ICA Archivist Dan Heather discusses why the ICA’s archive matters, and how it can be reconciled with an outward-looking commitment to the contemporary.
The ICA has never had a permanent collection of artworks, but over the last 70 years it has nonethless accumulated a legacy of records documenting the arts. This record forms the ICA’s institutional archive and includes installation photographs, exhibition files, slides, Betacam cassettes and posters, and has only become a focus of the ICA’s own attention in more recent years. In 1995 the decision was made to transfer its records up to 1987 to the Tate Archive of British Art, in order to guarantee their long-term preservation and access: I am currently working on a project to review the more recent material that has thus far remained with the ICA. This project provides an opportunity for us to assess what it means for a contemporary organisation to engage with its archive.

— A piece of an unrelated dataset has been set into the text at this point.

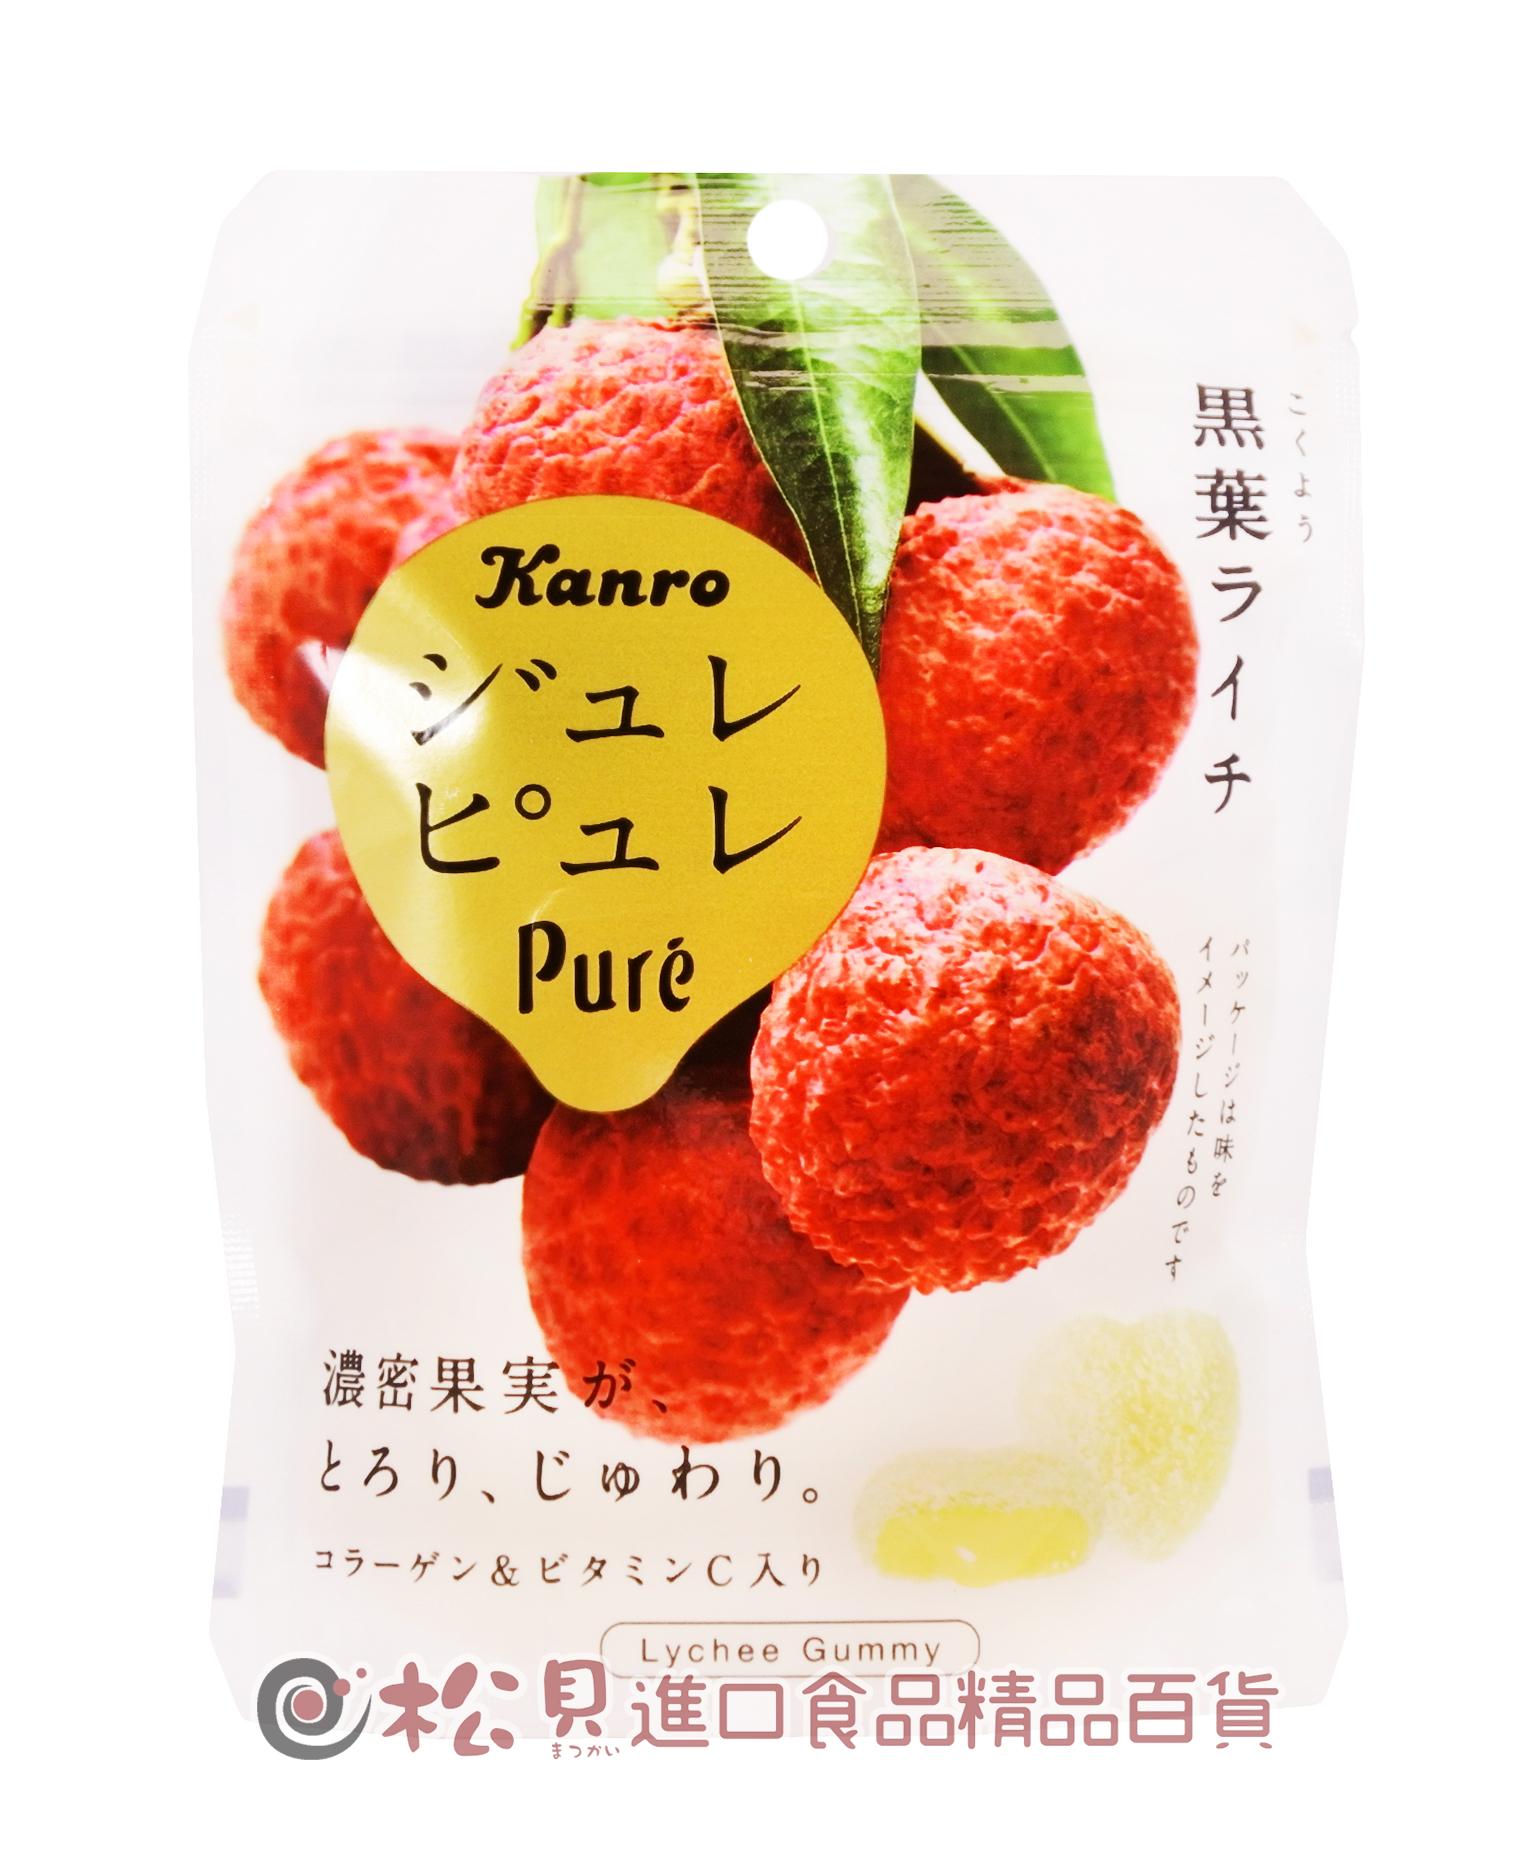 甘樂Pure荔枝夾心軟糖63g【4901351055786】.jpg
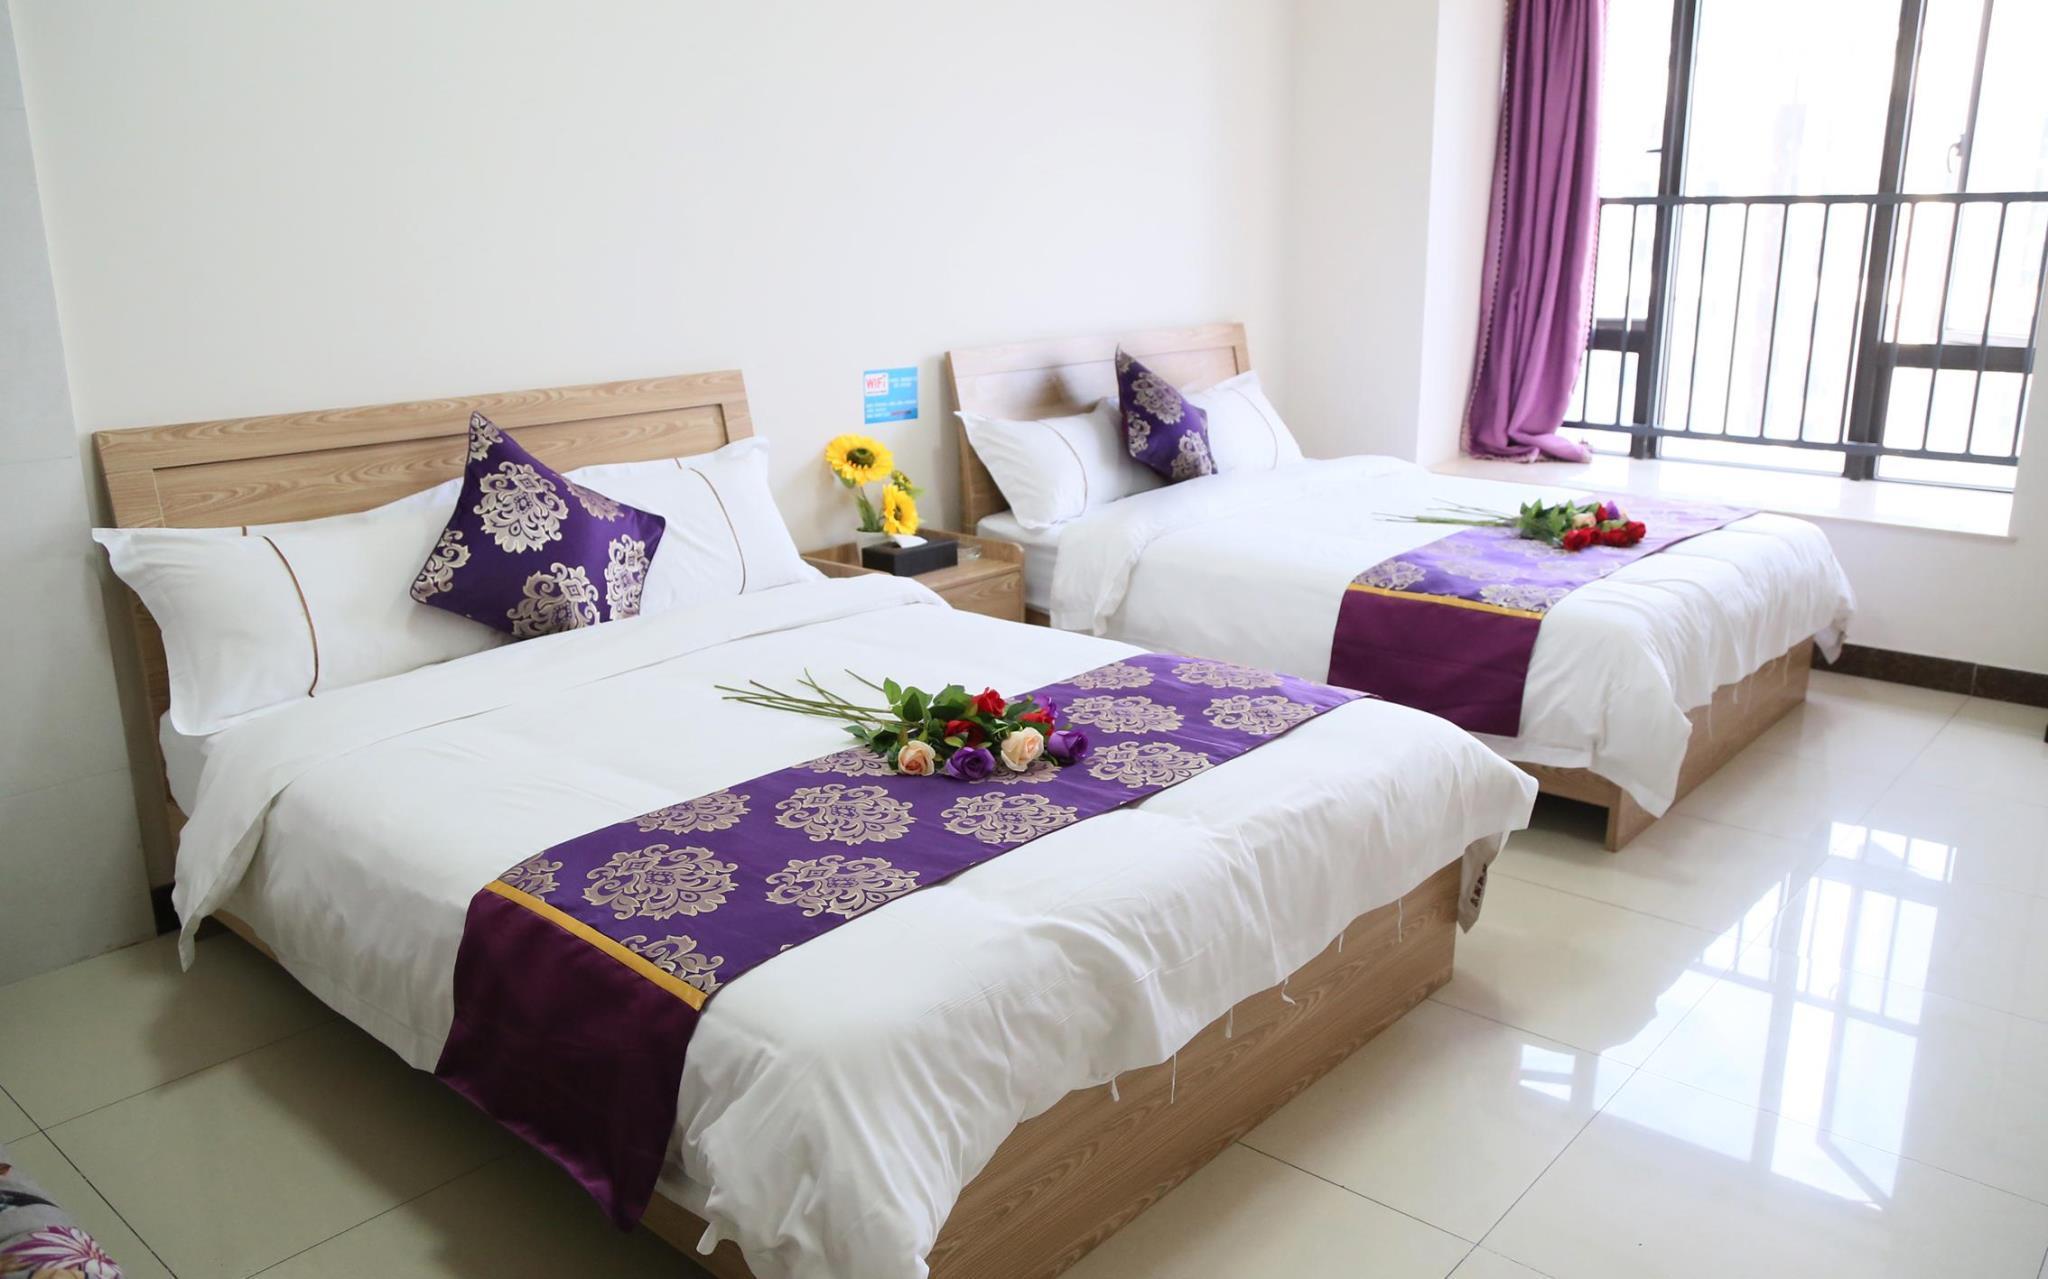 PAZHOU JUNYAO 1 Living Room And 1 Bedroom Apt

The ICA’s resistance toward the museological turn was present as early as the late 1940s in its decision to adopt the name The Institute of Contemporary Arts. Herbert Read, one of the ICA’s founding figures, had originally proposed a Museum of Modern Art for London, mimicking the model (and perhaps the nomenclature) established by MoMA in New York. However this name was ultimately rejected, with Read stating in 1948 on the occasion of the opening of the ICA exhibition Forty Years of Modern Art:
Such is our ideal – not another museum, another bleak exhibition gallery, another classical building in which insulated and classified specimens of culture are displayed for instruction […]
As an archivist, invested in classification and taxonomy, I can read Read’s statement as a refutation of the desire for structure and order that informs my professional practice. The reality—as is often the case with the ICA—is more complex. While avowing a collecting culture on one level, the ICA was also intimately involved with the Independent Group in its early years, a group whose practice was informed, as Hal Foster has noted in An Archival Impulse, by a "pinboard aesthetic" where "appropriated images and serial formats became common idioms". This archival art practice within the Independent Group itself throws a different light on the relationship between the notion of the archive and the ICA.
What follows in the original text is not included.